Засада поджидала в другом конце аллеи. Баламут сидел впереди на корточках. За ним полулежал на свежей пахучей траве Флоренсов, и позади, прислонясь к дереву, мечтательно стоял Феб.
Скоро гуляющие опять приблизились. На этот раз говорила Мария Васильевна. У нее было грубое, басистое контральто, не смягчавшееся даже тогда, когда она жеманничала и старалась придать своему голосу грациозную певучесть.
О чем они говорили — было трудно разобрать. Долетали отдельные слова: «одиночество», «тяжесть служебных задач». По-видимому, разговор шел о нравственности. Мымра вообще любил касаться возвышенных и отвлеченных вопросов.
— Сладкогласая ехидна! — выругался Баламут и скомандовал: — Ребята, начинай!
Все трое набросили на себя простыни и тихим размеренным шагом вышли на дорожку.

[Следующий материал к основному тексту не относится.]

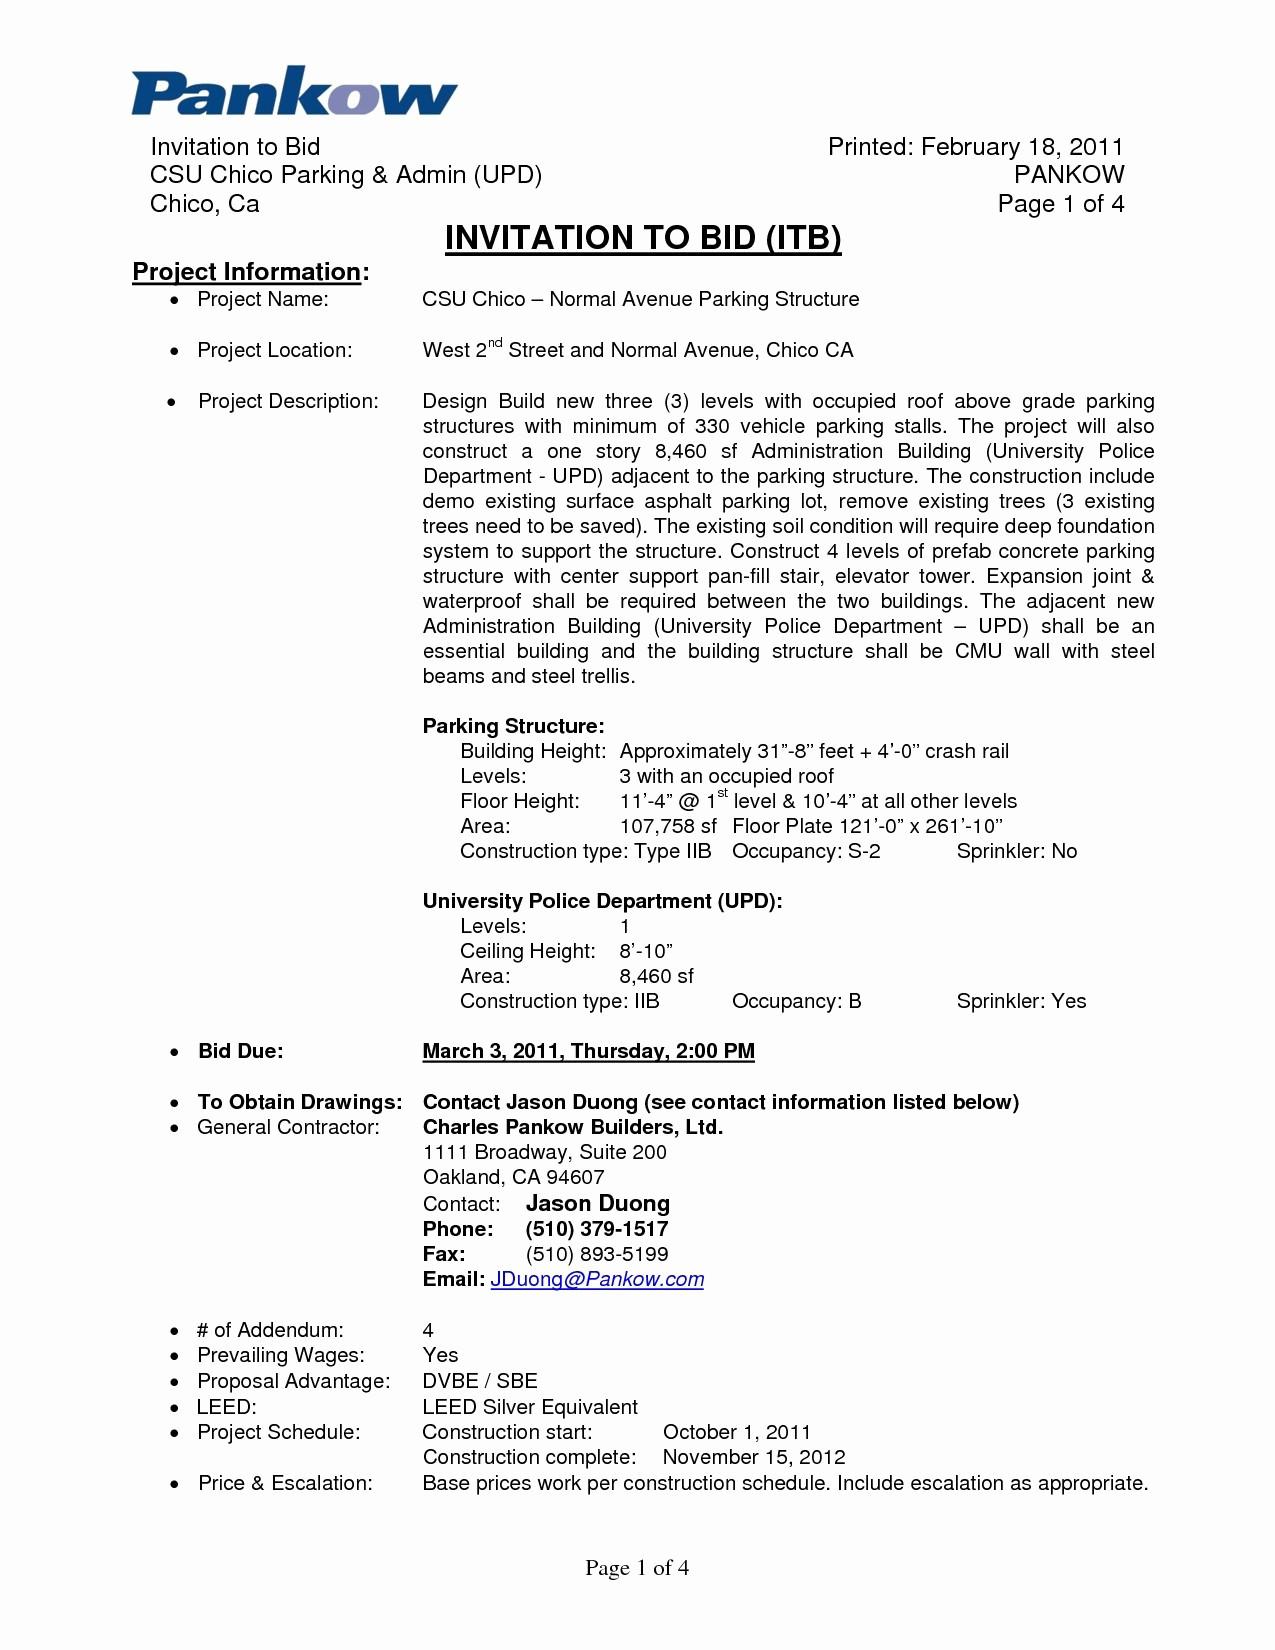 Invitation to Bid Template Construction Elegant Construction Invitation to Bid Template Gallery Template

Стояли молча, словно привидения — неподвижными белыми каменными изваяниями. В синем просвете между деревьев четкие фигуры их казались внезапно выплывшими из тьмы.
Мария Васильевна испуганно взвизгнула, подобрала шуршащие шелковые юбки и стремительно помчалась к дому мелкими путающимися дамскими стежками. Мымра, согнувшись, отмеривал за нею крупные поспешные шаги и держал поднятую палку наготове против невидимых врагов.
Вдогонку по саду раздавалось торжествующее хлопанье в ладоши и крики:
— Хо-хо!.. Ку-ка-ре-ку!.. Тю-тю… Улю-лю-лю!..
Перед крыльцом инспекторского дома Мымра опамятовался от страха, привел себя в порядок и перевел дух. Сознание, что он был так смешон в глазах Марии Васильевны, переполняло его бессильной злобой.
А бурсаки прежним порядком, через ограду и окно, возвращались обратно в спальню.
Вскоре к ним явился Мымра. Но Феб и Флоренсов лежали, уткнув лица в подушки и до крови закусив себе губы, чтобы удержаться от смеха. Баламут, невозмутимо обратив вверх лицо, лежал с закрытыми глазами и храпел на всю спальню в несколько переливов с надсвистом. Так мастерски храпеть умел только он один из всей бурсы.
Через два дня в гардеробной собралась редакция семинарского журнала «Акриды». В журнале печатались гектографическим способом статьи по философии, политике и литературе, новости из семинарской жизни и злободневные фельетоны с карикатурами. Сотрудники редакции расположились в свободном проходе, между громоздких сундуков, которые были сложены в несколько штабелей до самого потолка и перегораживали гардеробную. Для фельетонного отдела Флоренсов принес рисунки. Феб — текст: «Злополучная ночь Мымры. Новелла».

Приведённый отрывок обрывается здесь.